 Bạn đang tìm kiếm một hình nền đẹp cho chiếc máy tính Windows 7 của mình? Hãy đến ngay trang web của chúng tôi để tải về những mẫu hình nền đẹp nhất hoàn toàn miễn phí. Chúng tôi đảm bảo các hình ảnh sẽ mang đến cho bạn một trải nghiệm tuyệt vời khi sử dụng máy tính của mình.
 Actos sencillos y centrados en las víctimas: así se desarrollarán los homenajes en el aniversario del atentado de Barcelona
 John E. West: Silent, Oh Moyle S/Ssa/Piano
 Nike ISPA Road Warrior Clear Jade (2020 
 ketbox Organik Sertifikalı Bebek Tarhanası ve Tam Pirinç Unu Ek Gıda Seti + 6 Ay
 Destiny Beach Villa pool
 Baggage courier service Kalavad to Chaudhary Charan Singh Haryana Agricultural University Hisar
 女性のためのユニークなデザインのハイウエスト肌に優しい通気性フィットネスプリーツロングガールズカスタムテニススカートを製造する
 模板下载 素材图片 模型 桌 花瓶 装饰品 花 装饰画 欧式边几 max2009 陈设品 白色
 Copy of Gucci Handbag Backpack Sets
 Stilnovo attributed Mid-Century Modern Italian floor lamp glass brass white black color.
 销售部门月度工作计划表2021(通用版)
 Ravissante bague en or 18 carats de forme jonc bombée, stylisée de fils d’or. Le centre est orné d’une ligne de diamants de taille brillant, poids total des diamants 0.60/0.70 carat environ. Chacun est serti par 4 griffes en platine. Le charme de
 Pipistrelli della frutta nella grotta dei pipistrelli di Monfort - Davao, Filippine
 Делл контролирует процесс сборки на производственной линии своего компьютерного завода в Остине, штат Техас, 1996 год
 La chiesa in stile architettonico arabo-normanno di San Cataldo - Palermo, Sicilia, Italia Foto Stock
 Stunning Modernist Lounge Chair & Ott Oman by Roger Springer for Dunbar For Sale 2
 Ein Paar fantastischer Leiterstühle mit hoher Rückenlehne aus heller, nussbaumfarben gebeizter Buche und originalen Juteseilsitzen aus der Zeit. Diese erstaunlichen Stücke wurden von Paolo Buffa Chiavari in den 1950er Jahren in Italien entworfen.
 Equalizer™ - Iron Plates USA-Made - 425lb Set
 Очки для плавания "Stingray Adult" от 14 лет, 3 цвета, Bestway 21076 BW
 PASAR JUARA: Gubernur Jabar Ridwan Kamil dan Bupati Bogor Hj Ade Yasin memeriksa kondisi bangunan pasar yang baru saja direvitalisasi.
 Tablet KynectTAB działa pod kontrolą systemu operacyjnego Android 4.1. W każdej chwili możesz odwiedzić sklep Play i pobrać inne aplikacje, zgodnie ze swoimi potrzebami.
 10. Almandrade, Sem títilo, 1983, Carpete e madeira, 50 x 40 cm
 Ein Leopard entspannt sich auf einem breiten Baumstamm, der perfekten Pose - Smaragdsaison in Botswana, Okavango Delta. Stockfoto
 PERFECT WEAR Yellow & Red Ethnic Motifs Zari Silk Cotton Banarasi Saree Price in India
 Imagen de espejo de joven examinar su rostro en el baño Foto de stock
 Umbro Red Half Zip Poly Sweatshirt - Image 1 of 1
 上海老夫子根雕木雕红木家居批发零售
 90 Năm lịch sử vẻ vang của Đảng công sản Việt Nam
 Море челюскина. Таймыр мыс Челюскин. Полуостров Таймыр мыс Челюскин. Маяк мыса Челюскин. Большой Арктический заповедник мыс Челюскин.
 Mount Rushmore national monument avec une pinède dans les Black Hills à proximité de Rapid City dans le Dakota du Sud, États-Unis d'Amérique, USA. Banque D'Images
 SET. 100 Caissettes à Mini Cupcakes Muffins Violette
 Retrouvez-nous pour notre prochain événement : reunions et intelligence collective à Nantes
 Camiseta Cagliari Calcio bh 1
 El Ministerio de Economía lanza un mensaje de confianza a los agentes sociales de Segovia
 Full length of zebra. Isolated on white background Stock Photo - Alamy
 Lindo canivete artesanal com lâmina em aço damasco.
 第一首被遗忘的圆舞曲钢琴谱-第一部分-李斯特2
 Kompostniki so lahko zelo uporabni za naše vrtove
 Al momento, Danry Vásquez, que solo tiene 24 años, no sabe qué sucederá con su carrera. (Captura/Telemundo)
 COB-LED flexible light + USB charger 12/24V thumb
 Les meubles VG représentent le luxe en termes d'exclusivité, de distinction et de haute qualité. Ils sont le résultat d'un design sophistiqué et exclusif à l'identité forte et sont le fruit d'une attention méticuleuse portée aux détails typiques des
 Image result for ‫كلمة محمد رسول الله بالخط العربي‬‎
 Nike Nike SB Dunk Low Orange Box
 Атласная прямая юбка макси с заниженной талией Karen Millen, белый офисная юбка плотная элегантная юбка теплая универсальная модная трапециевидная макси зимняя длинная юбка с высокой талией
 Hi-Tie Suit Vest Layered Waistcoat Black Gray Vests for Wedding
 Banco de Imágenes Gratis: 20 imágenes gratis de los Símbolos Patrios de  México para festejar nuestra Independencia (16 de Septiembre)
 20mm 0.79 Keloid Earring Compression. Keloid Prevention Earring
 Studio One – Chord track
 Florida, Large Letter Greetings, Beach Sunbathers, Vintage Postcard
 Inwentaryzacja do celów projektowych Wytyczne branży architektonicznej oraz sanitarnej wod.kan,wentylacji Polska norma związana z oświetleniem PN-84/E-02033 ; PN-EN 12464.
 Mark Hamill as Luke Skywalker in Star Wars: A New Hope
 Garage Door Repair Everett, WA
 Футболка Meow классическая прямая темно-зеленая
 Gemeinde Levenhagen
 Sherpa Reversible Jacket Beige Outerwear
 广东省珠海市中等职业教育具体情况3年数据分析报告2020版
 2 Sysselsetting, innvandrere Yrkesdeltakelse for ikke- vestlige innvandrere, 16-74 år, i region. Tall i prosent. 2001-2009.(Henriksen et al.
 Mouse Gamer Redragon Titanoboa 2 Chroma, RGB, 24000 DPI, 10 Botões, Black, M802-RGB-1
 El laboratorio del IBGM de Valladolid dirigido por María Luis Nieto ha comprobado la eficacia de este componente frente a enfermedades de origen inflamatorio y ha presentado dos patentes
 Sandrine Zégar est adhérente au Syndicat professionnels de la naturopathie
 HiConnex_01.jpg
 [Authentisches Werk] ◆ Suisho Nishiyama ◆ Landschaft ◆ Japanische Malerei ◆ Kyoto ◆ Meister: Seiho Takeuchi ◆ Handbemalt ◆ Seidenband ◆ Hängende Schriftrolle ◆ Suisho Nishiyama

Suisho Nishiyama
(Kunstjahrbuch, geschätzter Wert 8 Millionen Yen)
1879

# WHAT THE TASK REQUIRES
An exact copy of every entry above is required.

# SOLUTION BELOW
 Bạn đang tìm kiếm một hình nền đẹp cho chiếc máy tính Windows 7 của mình? Hãy đến ngay trang web của chúng tôi để tải về những mẫu hình nền đẹp nhất hoàn toàn miễn phí. Chúng tôi đảm bảo các hình ảnh sẽ mang đến cho bạn một trải nghiệm tuyệt vời khi sử dụng máy tính của mình.
 Actos sencillos y centrados en las víctimas: así se desarrollarán los homenajes en el aniversario del atentado de Barcelona
 John E. West: Silent, Oh Moyle S/Ssa/Piano
 Nike ISPA Road Warrior Clear Jade (2020 
 ketbox Organik Sertifikalı Bebek Tarhanası ve Tam Pirinç Unu Ek Gıda Seti + 6 Ay
 Destiny Beach Villa pool
 Baggage courier service Kalavad to Chaudhary Charan Singh Haryana Agricultural University Hisar
 女性のためのユニークなデザインのハイウエスト肌に優しい通気性フィットネスプリーツロングガールズカスタムテニススカートを製造する
 模板下载 素材图片 模型 桌 花瓶 装饰品 花 装饰画 欧式边几 max2009 陈设品 白色
 Copy of Gucci Handbag Backpack Sets
 Stilnovo attributed Mid-Century Modern Italian floor lamp glass brass white black color.
 销售部门月度工作计划表2021(通用版)
 Ravissante bague en or 18 carats de forme jonc bombée, stylisée de fils d’or. Le centre est orné d’une ligne de diamants de taille brillant, poids total des diamants 0.60/0.70 carat environ. Chacun est serti par 4 griffes en platine. Le charme de
 Pipistrelli della frutta nella grotta dei pipistrelli di Monfort - Davao, Filippine
 Делл контролирует процесс сборки на производственной линии своего компьютерного завода в Остине, штат Техас, 1996 год
 La chiesa in stile architettonico arabo-normanno di San Cataldo - Palermo, Sicilia, Italia Foto Stock
 Stunning Modernist Lounge Chair & Ott Oman by Roger Springer for Dunbar For Sale 2
 Ein Paar fantastischer Leiterstühle mit hoher Rückenlehne aus heller, nussbaumfarben gebeizter Buche und originalen Juteseilsitzen aus der Zeit. Diese erstaunlichen Stücke wurden von Paolo Buffa Chiavari in den 1950er Jahren in Italien entworfen.
 Equalizer™ - Iron Plates USA-Made - 425lb Set
 Очки для плавания "Stingray Adult" от 14 лет, 3 цвета, Bestway 21076 BW
 PASAR JUARA: Gubernur Jabar Ridwan Kamil dan Bupati Bogor Hj Ade Yasin memeriksa kondisi bangunan pasar yang baru saja direvitalisasi.
 Tablet KynectTAB działa pod kontrolą systemu operacyjnego Android 4.1. W każdej chwili możesz odwiedzić sklep Play i pobrać inne aplikacje, zgodnie ze swoimi potrzebami.
 10. Almandrade, Sem títilo, 1983, Carpete e madeira, 50 x 40 cm
 Ein Leopard entspannt sich auf einem breiten Baumstamm, der perfekten Pose - Smaragdsaison in Botswana, Okavango Delta. Stockfoto
 PERFECT WEAR Yellow & Red Ethnic Motifs Zari Silk Cotton Banarasi Saree Price in India
 Imagen de espejo de joven examinar su rostro en el baño Foto de stock
 Umbro Red Half Zip Poly Sweatshirt - Image 1 of 1
 上海老夫子根雕木雕红木家居批发零售
 90 Năm lịch sử vẻ vang của Đảng công sản Việt Nam
 Море челюскина. Таймыр мыс Челюскин. Полуостров Таймыр мыс Челюскин. Маяк мыса Челюскин. Большой Арктический заповедник мыс Челюскин.
 Mount Rushmore national monument avec une pinède dans les Black Hills à proximité de Rapid City dans le Dakota du Sud, États-Unis d'Amérique, USA. Banque D'Images
 SET. 100 Caissettes à Mini Cupcakes Muffins Violette
 Retrouvez-nous pour notre prochain événement : reunions et intelligence collective à Nantes
 Camiseta Cagliari Calcio bh 1
 El Ministerio de Economía lanza un mensaje de confianza a los agentes sociales de Segovia
 Full length of zebra. Isolated on white background Stock Photo - Alamy
 Lindo canivete artesanal com lâmina em aço damasco.
 第一首被遗忘的圆舞曲钢琴谱-第一部分-李斯特2
 Kompostniki so lahko zelo uporabni za naše vrtove
 Al momento, Danry Vásquez, que solo tiene 24 años, no sabe qué sucederá con su carrera. (Captura/Telemundo)
 COB-LED flexible light + USB charger 12/24V thumb
 Les meubles VG représentent le luxe en termes d'exclusivité, de distinction et de haute qualité. Ils sont le résultat d'un design sophistiqué et exclusif à l'identité forte et sont le fruit d'une attention méticuleuse portée aux détails typiques des
 Image result for ‫كلمة محمد رسول الله بالخط العربي‬‎
 Nike Nike SB Dunk Low Orange Box
 Атласная прямая юбка макси с заниженной талией Karen Millen, белый офисная юбка плотная элегантная юбка теплая универсальная модная трапециевидная макси зимняя длинная юбка с высокой талией
 Hi-Tie Suit Vest Layered Waistcoat Black Gray Vests for Wedding
 Banco de Imágenes Gratis: 20 imágenes gratis de los Símbolos Patrios de  México para festejar nuestra Independencia (16 de Septiembre)
 20mm 0.79 Keloid Earring Compression. Keloid Prevention Earring
 Studio One – Chord track
 Florida, Large Letter Greetings, Beach Sunbathers, Vintage Postcard
 Inwentaryzacja do celów projektowych Wytyczne branży architektonicznej oraz sanitarnej wod.kan,wentylacji Polska norma związana z oświetleniem PN-84/E-02033 ; PN-EN 12464.
 Mark Hamill as Luke Skywalker in Star Wars: A New Hope
 Garage Door Repair Everett, WA
 Футболка Meow классическая прямая темно-зеленая
 Gemeinde Levenhagen
 Sherpa Reversible Jacket Beige Outerwear
 广东省珠海市中等职业教育具体情况3年数据分析报告2020版
 2 Sysselsetting, innvandrere Yrkesdeltakelse for ikke- vestlige innvandrere, 16-74 år, i region. Tall i prosent. 2001-2009.(Henriksen et al.
 Mouse Gamer Redragon Titanoboa 2 Chroma, RGB, 24000 DPI, 10 Botões, Black, M802-RGB-1
 El laboratorio del IBGM de Valladolid dirigido por María Luis Nieto ha comprobado la eficacia de este componente frente a enfermedades de origen inflamatorio y ha presentado dos patentes
 Sandrine Zégar est adhérente au Syndicat professionnels de la naturopathie
 HiConnex_01.jpg
 [Authentisches Werk] ◆ Suisho Nishiyama ◆ Landschaft ◆ Japanische Malerei ◆ Kyoto ◆ Meister: Seiho Takeuchi ◆ Handbemalt ◆ Seidenband ◆ Hängende Schriftrolle ◆ Suisho Nishiyama

Suisho Nishiyama
(Kunstjahrbuch, geschätzter Wert 8 Millionen Yen)
1879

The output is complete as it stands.